Yurika and me took a bus ride to Washington DC where we spent a couple
of days with a friend of hers. DC is a nice city to walk around in, and
I walked great distances both by myself, and with Yurika and Omura-san.
Sakura at the Capitol.
There are two restaurants that we
recall best as part of the eating experience in DC - a seafood place
called
Legal Sea Foods
and a concept Pizza restaurant called Matchbox, which
seemed to be almost always full with huge crowds waiting outside
throughout the day. We got to visit the Smithsonian museum
at the Steven F. Udvar-Hazy Center (the other half of
the National Air and Space Museum) when we went to see off Omura-san at
Dulles Airport. The NASM was not as much fun as might have been had I
actually visited when I was a child.
Back in Manhattan, I was lucky enough to attend a colloquium at the
Courant Institute (Where the NYU Computer Science department is
located), which featured a project that makes the night sky
search-able. It implements a
search engine for astronomical images that uses geometric hashes (as
opposed to words) derived from the pixels of the patterns that stars
form in random images. Got a taste of what a CS lecture might feel like
(and there was breakfast as well).
Funk: The Headhunters
(sans Hancock, whose absence was noted in many ways) were playing at the
Iridium on Broadway. I dragged (my cousins) Aamer and Zafar to see the
second set.
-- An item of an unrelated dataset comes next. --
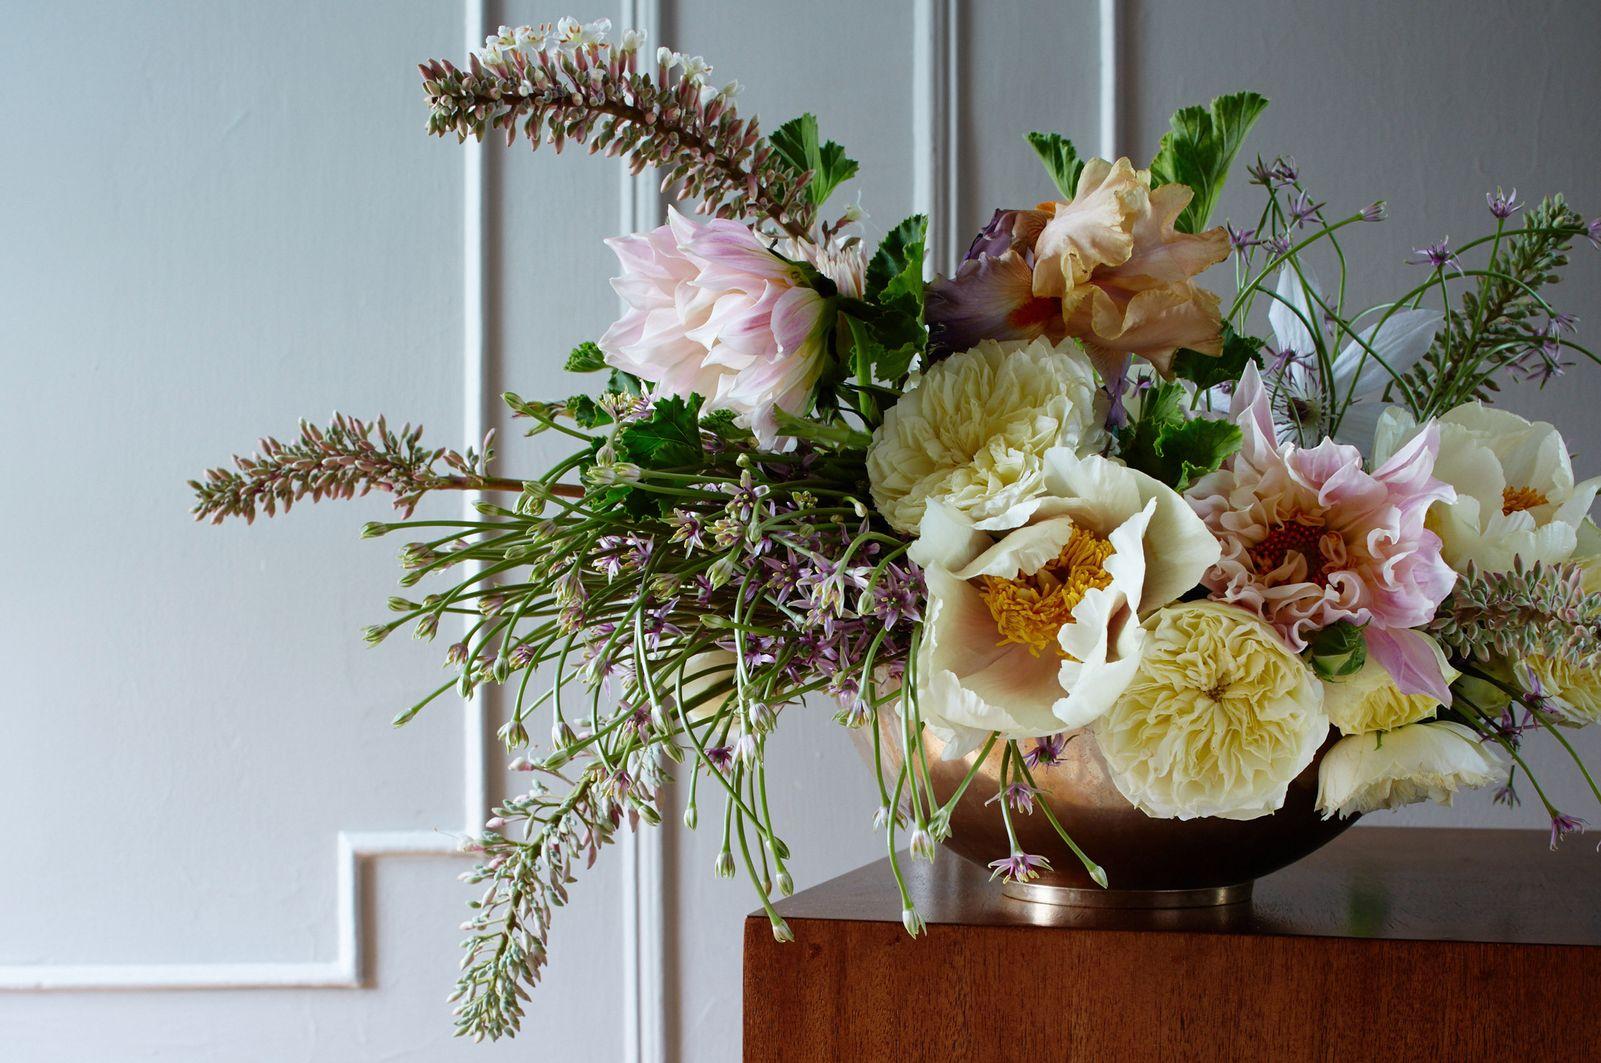 ChristopherWhite_floral_Home.jpg

Earlier on the same day, Aamer had taken me on a guided walk
around the West Village all the way up to the Meat-Packing District;
Zubair shows me the view of mid-town Manhattan from his
lower-east apartment building's roof.
His brother Zubair on the other hand,
showed me the Lower East, and his symbolically located apartment which
stands on the eastward-pushing demographic border of the lower east.
...
UPDATE:Apr 22, 02:30 JST:
I should say that I did not, of course, complete this post
while at LaGuardia; I had to get on the plane, and missed
my flight to Tokyo.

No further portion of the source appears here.